In 2009, the People's Republic of China was navigating the global financial crisis with a currency, the Renminbi (RMB), that was still tightly managed. Following a landmark revaluation in 2005, the RMB had been allowed to appreciate gradually against the US dollar. However, in July 2008, as the crisis intensified, China effectively re-pegged the RMB to the dollar at approximately 6.83 RMB/USD to ensure stability for its crucial export sector. This policy remained firmly in place throughout 2009, making the RMB a source of international debate, particularly with the United States and Europe, who argued it was kept artificially undervalued to maintain a trade advantage.
Domestically, the currency policy was a key pillar of China's aggressive stimulus response to the crisis. By stabilizing the exchange rate, the government provided certainty for exporters, who were facing collapsing external demand, and helped to control the cost of imports. This stability was deemed essential for the broader macroeconomic goals of the massive 4-trillion-yuan stimulus package, which aimed to spur domestic investment and consumption to offset the global downturn. The People's Bank of China (PBOC) maintained this peg through heavy intervention in the foreign exchange markets, accumulating vast foreign exchange reserves, which grew to over $2.4 trillion by year's end.

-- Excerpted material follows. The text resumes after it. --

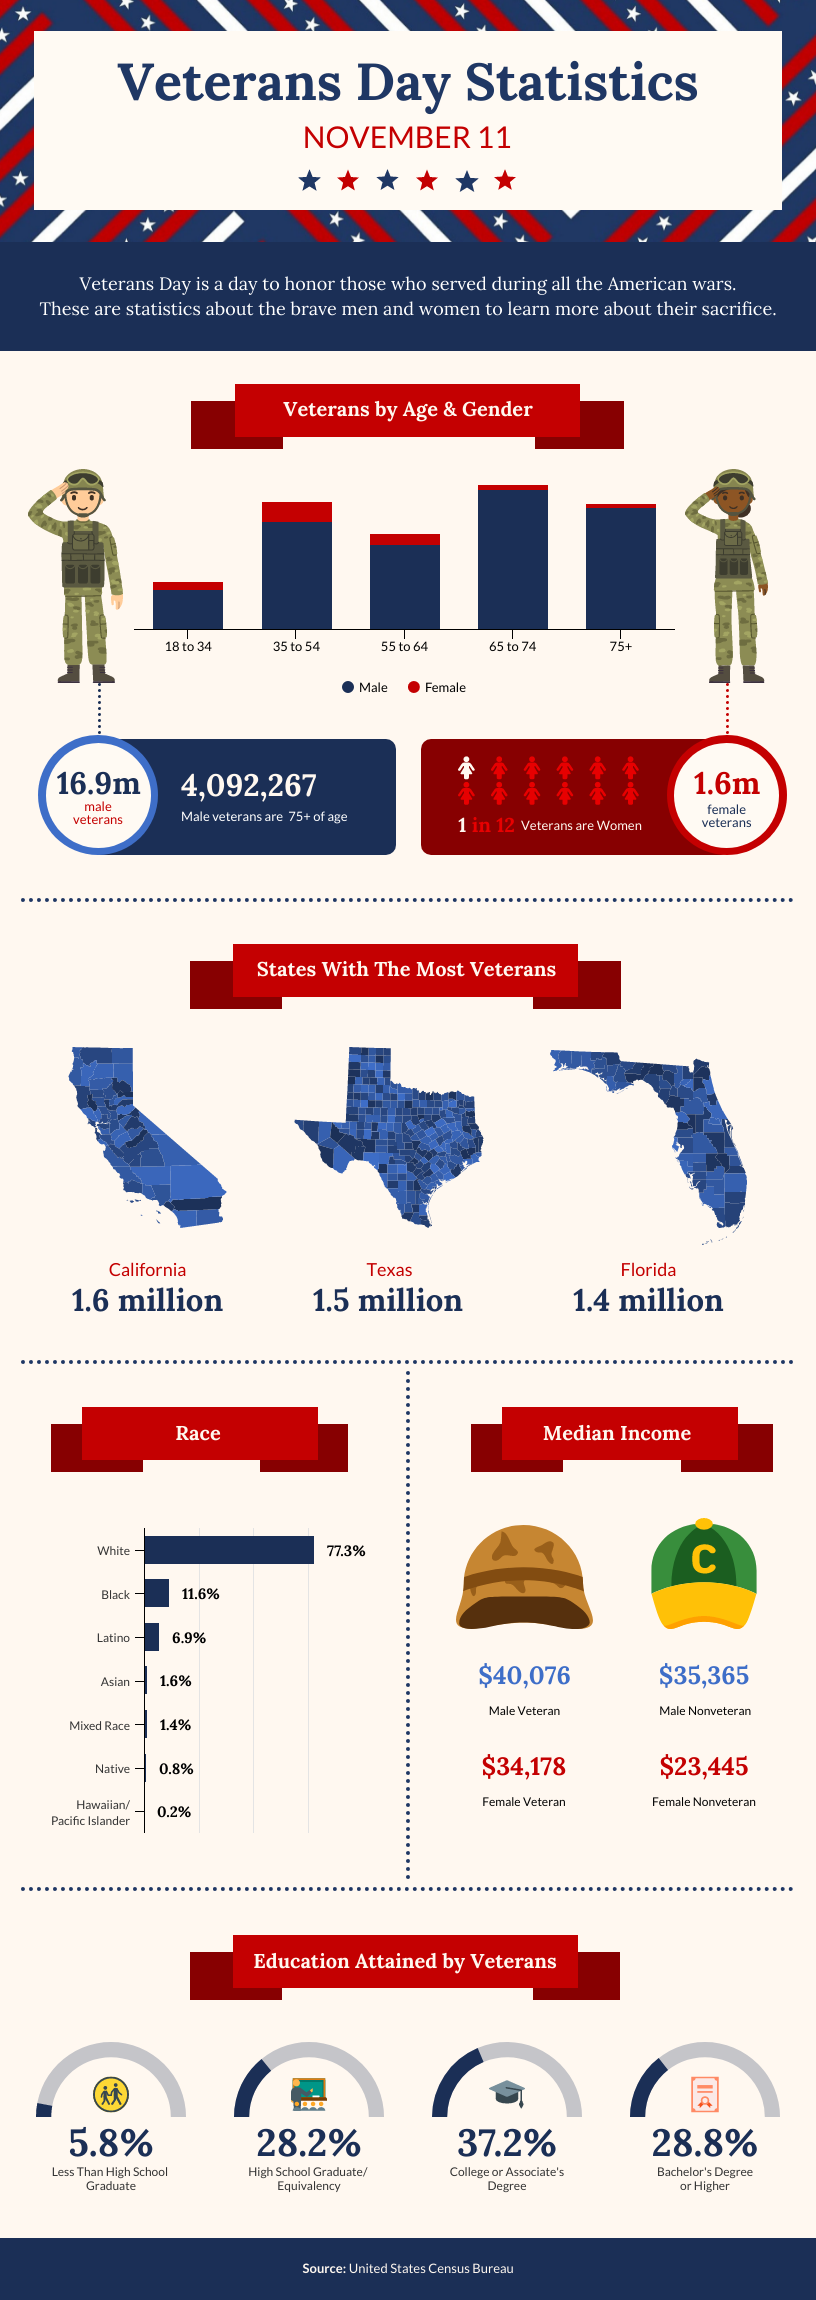 Veterans Dat Statistics Infographic
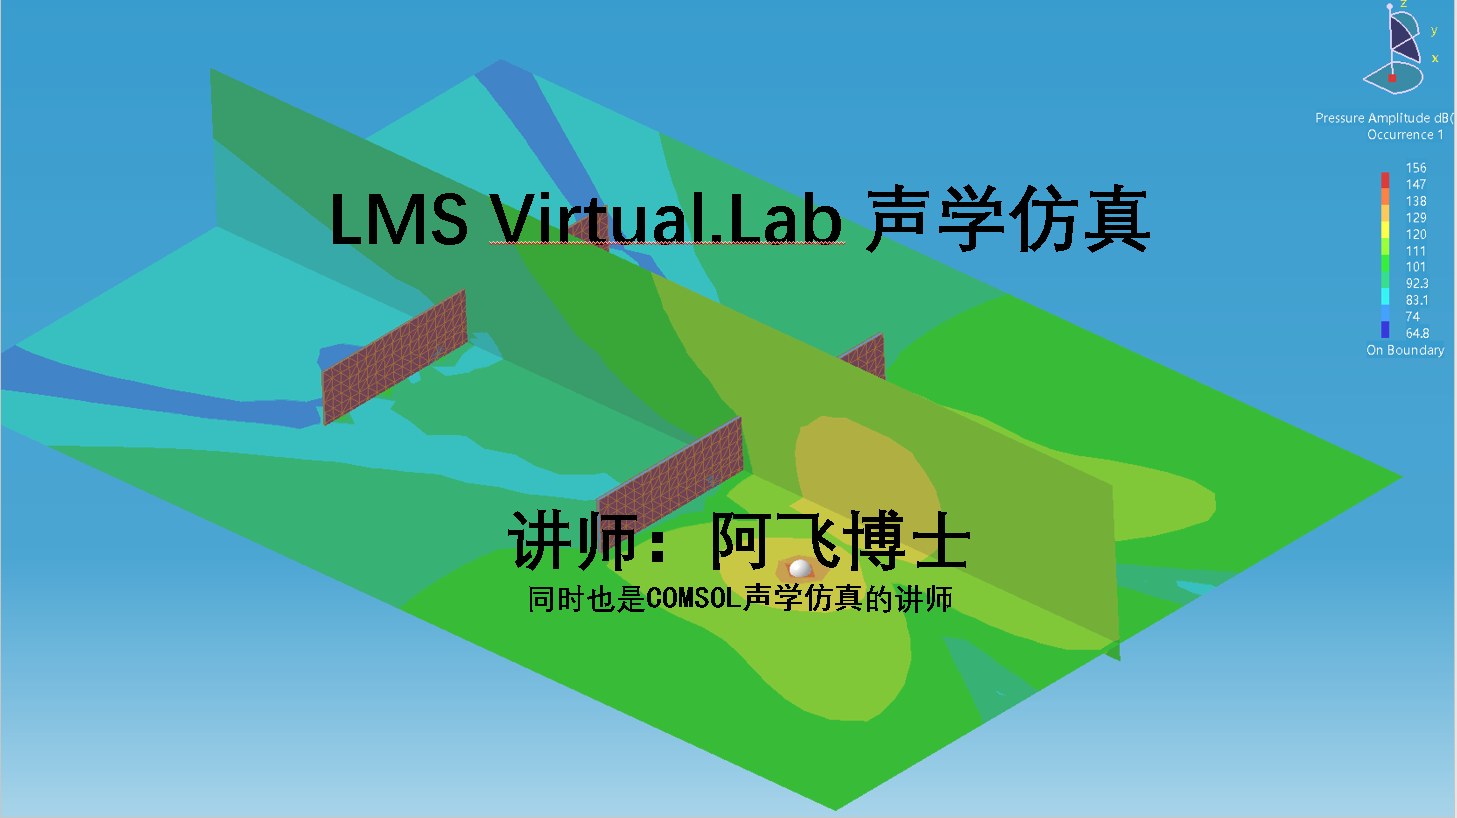 LMS Virtual.Lab和Simcenter 3D软件相关声学仿真

Looking forward, 2009 was a year of deliberate pause in currency reform. While international pressure for appreciation mounted, Chinese authorities prioritized economic recovery and social stability above external calls for a stronger, more flexible RMB. However, the year set the stage for a pivotal shift; by late 2009, with its economy recovering robustly, China began signaling a return to a more flexible exchange rate regime. This culminated in June 2010, when the PBOC announced it would once again allow the RMB to appreciate, marking the end of the crisis-era peg and a cautious resumption of the long-term internationalization strategy for its currency.